# My 1st e-bay bump in the road



## Dyno Dom (May 26, 2007)

I guess it was bound to happen eventually. A prospective buyer won an auction 
that I posted about 2 1/2 weeks ago but has not made payment. After more than a week I left him a message possibly thinking he had a personal situation as he had 100% rating with good feedback. 
This belief was strengthened as another seller left him positive feedback but requested payment in order to ship. 
Subsequently there were 3 positive feedbacks for good payment.
His most recent feedback however, although positive by another seller called him a dead beat for non-payment of two auctions that unfortunately were shipped in good faith. 
I've sent an additional message but have received no replies. I'll need to submit a claim with appropriate feedback to follow.


----------



## Gear Head (Mar 22, 2005)

Yes, unfortunately now you have to play the ebay game with full defense. Please tell me you didn't ship!?! You can always open a case through ebay. I've had to do it. It's a hassle but the honest guys prevail. Then realist it if you dare.


----------



## Dyno Dom (May 26, 2007)

Hi GH, got your PM last nite & Thanks!!:thumbsup: Went racin' so got home late.
No, I have not shipped, nor did the seller who requested payment. Unfortunately
the 3rd seller shipped 2 sales in good faith w/o $$$. What seems unusual is why they each left him positive feedback?  (PS: Wally says Hi :wave


----------



## vickers83 (Mar 8, 2010)

Dyno Dom said:


> Hi GH, got your PM last nite & Thanks!!:thumbsup: Went racin' so got home late.
> No, I have not shipped, nor did the seller who requested payment. Unfortunately
> the 3rd seller shipped 2 sales in good faith w/o $$$. What seems unusual is why they each left him positive feedback?  (PS: Wally says Hi :wave


Because you can`t leave negative feedback for a buyer. You have to post positive, Then tell the world what a deadbeat he is! :thumbsup:


----------



## Dyno Dom (May 26, 2007)

Vickers, I didn't realize that, unbelievable! That's positive only, not even neutral?
No wonder he has 100%


----------



## HO2GO (Feb 21, 2015)

Dyno Dom said:


> Vickers, I didn't realize that, unbelievable! That's positive only, not even neutral?
> No wonder he has 100%


Everyone that buys on ebay has 100%. I only buy, have never sold on ebay. I don't think it's a fair system where the buyer can leave negative feedback and the seller can't. When I buy items I pay as soon as I purchase; or find out I've won an auction.
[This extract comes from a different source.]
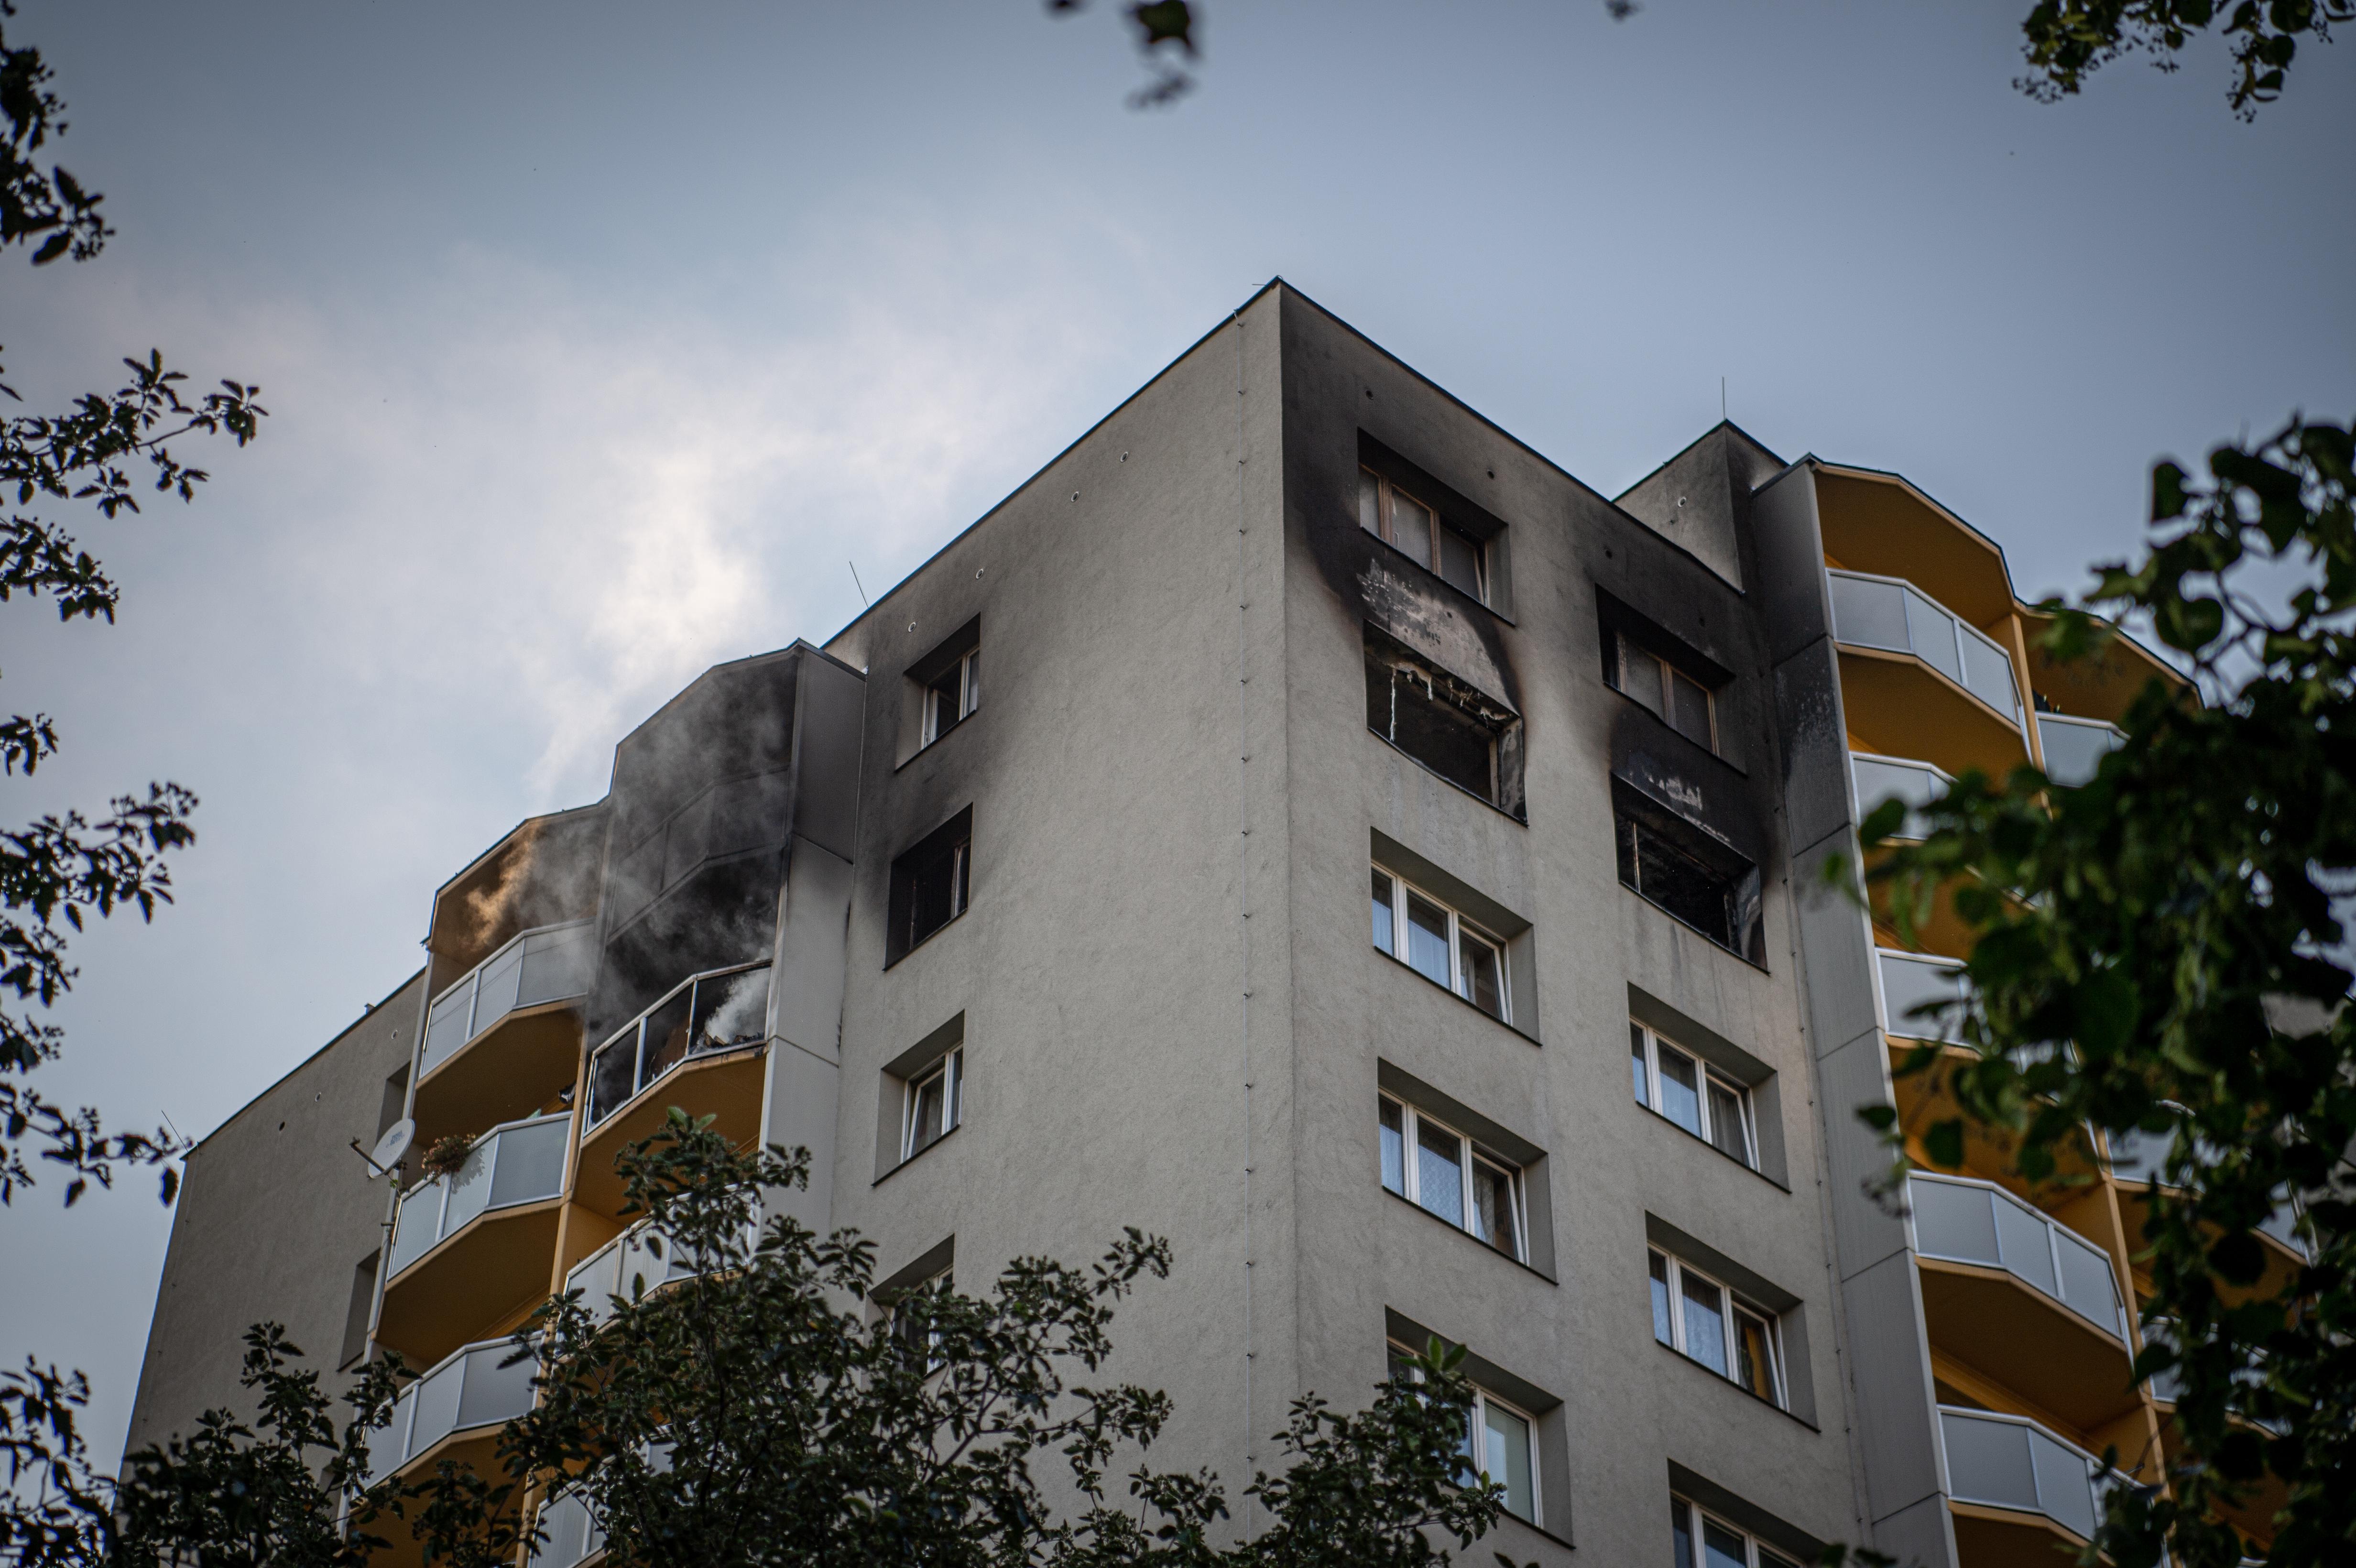 11 halott a gyújtogatás miatt kitört cseh toronyháztűzben, 5 ember kiugrott az ablakon

It's the way I'd want to be treated if I was selling.  Tetsuo.


----------



## GT40 (Jan 18, 2014)

Gentlemen 
Wow I didn't know that, I only buy stuff on evil bay I have had pretty good luck so far that being said there been a couple sellers that should not be there they were scammers all
the way and E'BAY WOULD NOT LET ME leave any negative fed back, they want you to work it out, I felt like telling them you can't fix stupid, liars and scammers.
If I was a seller I'd never ever ship anything with out the money in my account first
it's not that I don't trust people but you have no idea who's trying to scam you 
One thing that bugs me is the shipping, why can they combine the shipping even add a buck or two, make the buyer have a good feeling about the buy, you would thing it would help with returning customers, I know if the seller wants/will work with me I'd come back again, the non combing fool no way I would ever come back.
Tell me sellers how do you feel about this practice

gt40


----------



## rdm95 (May 8, 2008)

vickers83 said:


> Because you can`t leave negative feedback for a buyer. You have to post positive, Then tell the world what a deadbeat he is! :thumbsup:


Problem with this is that eBay considers them "False Positives" which aren't allowed and they'll be removed if the buyer complains about it, and then you get in trouble for posting it. Actually, it's best to not leave feedback for them at all. Opening an unpaid item claim against them is the worst a seller can do to dead beats, which doesn't sound like much, but if they get too many of them in a certain amount of time, their account is suspended atleast. To help protect yourself against this, be sure to set up bidder requirements for the items you list so you can reduce the number of dead beats that are able to bid and/or win them.. It's not much, but it helps some..


----------



## urnuts (Jul 3, 2012)

*I buy and sell....*

Depending on the costs involved, I just move on.
Somebody bought two 1/43 Mustangs last week.... never paid and some guy bid and won two Matchbox trucks. Mustangs were $10 and the two trucks were $18.
More trouble than it's worth to even deal with it.
If it's ..... maybe $25, 30 or so.... I'll ask for the final listing fees back from ebay.
There are enough good people on it- to heck with the jerks.... and there are a bunch of them.
Ebay has a LOT of faults- amazes me that nobody has ever really challenged them.


----------



## Dyno Dom (May 26, 2007)

Well I did follow up with a claim for non-pay but did not want to add to his 100%
positive reviews. An additional seller has most recently added 4 ++++ for,
you guessed it---NON PAY! Apparently he does have a history of a year & more
for a fondness to NOT pay, especially for multiple wins. He hails from Virginia Beach.


----------



## RjAFX (Oct 26, 2014)

I sold one item on ebay. A cell phone, as soon as it was delivered the buyer claimed it was flawed. He got his money back and I got his broken screen put into my phone. 
ebay could care less after talking to them 5-6 times on the phone. I got a bad review and I can't say a word about it or him.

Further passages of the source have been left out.